- Conservation status: Extinct (1970) (IUCN 3.1)

Scientific classification
- Kingdom: Animalia
- Phylum: Chordata
- Class: Mammalia
- Order: Artiodactyla
- Family: Bovidae
- Subfamily: Antilopinae
- Genus: Gazella
- Species: G. dorcas
- Subspecies: †G. d. saudiya
- Trinomial name: †Gazella dorcas saudiya Carruthers & Schwarz, 1935
- Synonyms: Gazella saudiya

= Saudi gazelle =

Extinct species of gazelle

The Saudi gazelle (Gazella saudiya) is an extinct species of gazelle that was once native to the Arabian Peninsula. It was declared extinct in the wild in 1996, as it was last observed in the wild in 1970. The Saudi gazelle was officially declared extinct on the IUCN Red List in 2008.

==Taxonomy==
Gazella gazella saudiya was the scientific name proposed by Douglas Carruthers and Ernst Schwarz in 1939. They described the skull and head skin of a male gazelle specimen collected at an elevation of 3500 ft near Dhlam in Saudi Arabia. Terence Morrison-Scott recognised it as a distinct species Gazella saudiya in 1939. Colin Groves examined horn shapes and sizes of zoological specimens of gazelles and recognised the Saudi gazelle as a subspecies of the Dorcas gazelle Gazella dorcas saudiya in 1969.

Phylogenetic analysis of museum samples of the Saudi gazelle revealed that it is distinct from and a sister taxon of the Dorcas gazelle.

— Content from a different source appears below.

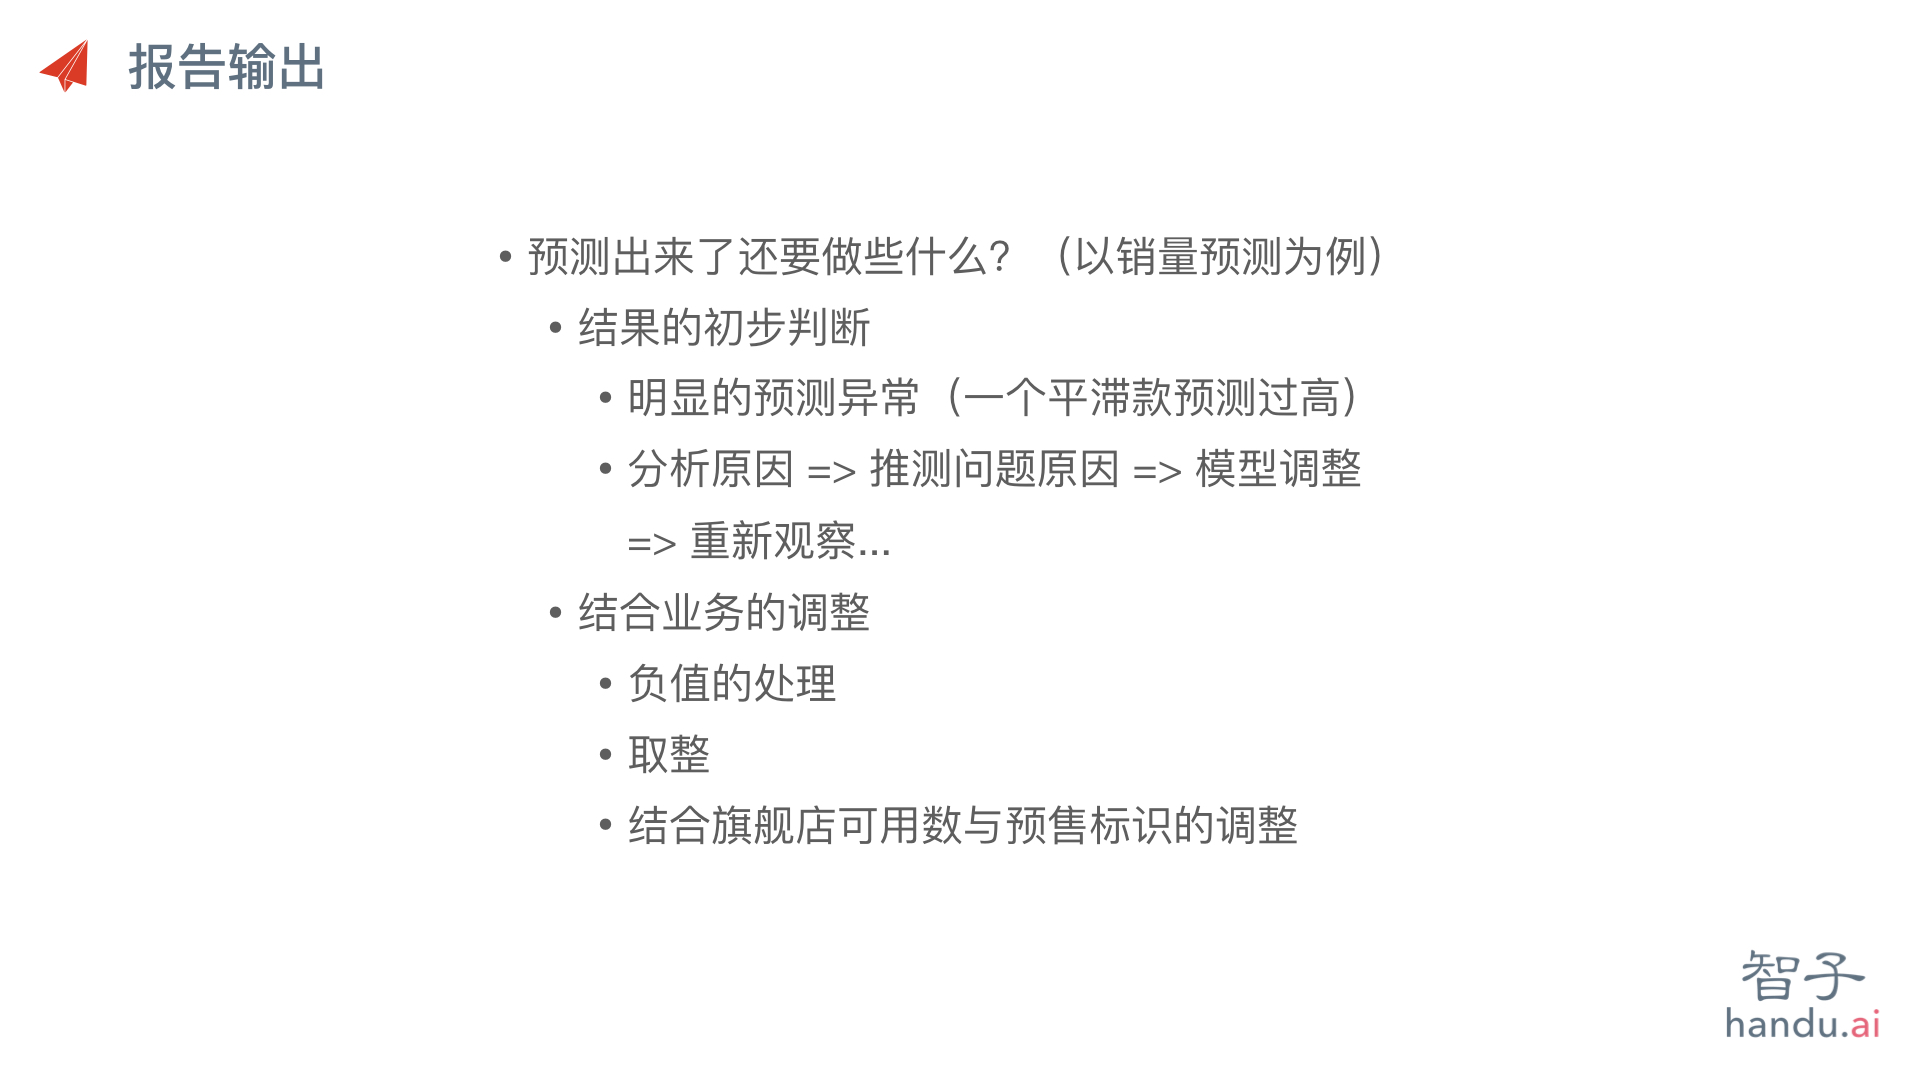 智子模型评估与输出.010.jpeg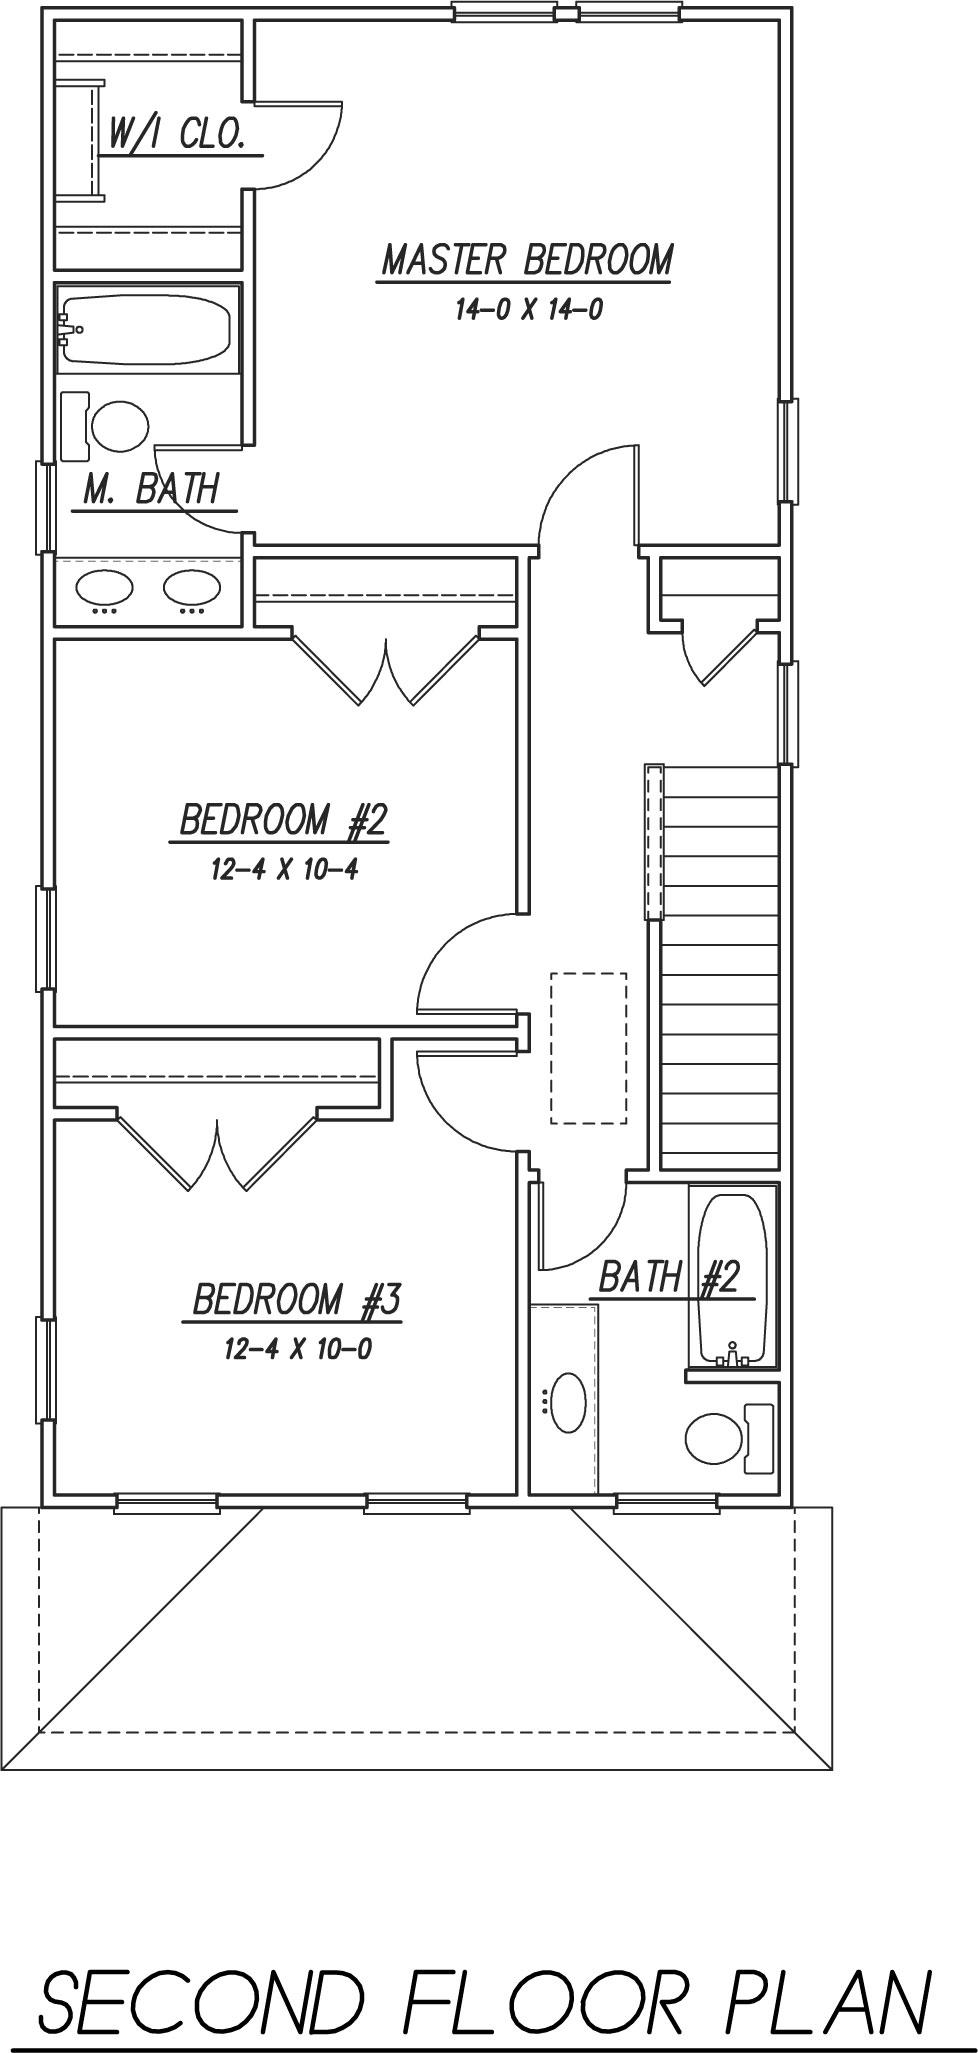 GMFplus+sophia+paintedlas+secondfloor Painted Lady House Floor Plan on small blue floor plan, marine blue floor plan, viceroy floor plan, map floor plan, monarch floor plan, mr selfridge floor plan, kinky boots floor plan, family floor plan,

==Distribution and habitat==
The Saudi gazelle once lived in gravel and sandy plains with acacias of the northern and western Arabian Peninsula from Kuwait to Yemen, with most of the records coming from western Saudi Arabia. It was found singly or in groups up to 20.

==Decline and extinction==
The species had always been rare and declining due to excessive hunting; it had not been seen for a few decades, and was declared to be extinct in the wild in 1980. Recent genetic analysis of all reported specimens of G.saudiya in captive collections has shown these represent different species or hybrids. Despite frequent surveys attempting to find pure Saudi gazelles in the wild and privately owned, no evidence of surviving individuals has been found. In 2008, the Saudi gazelle was officially declared extinct on the IUCN Red List.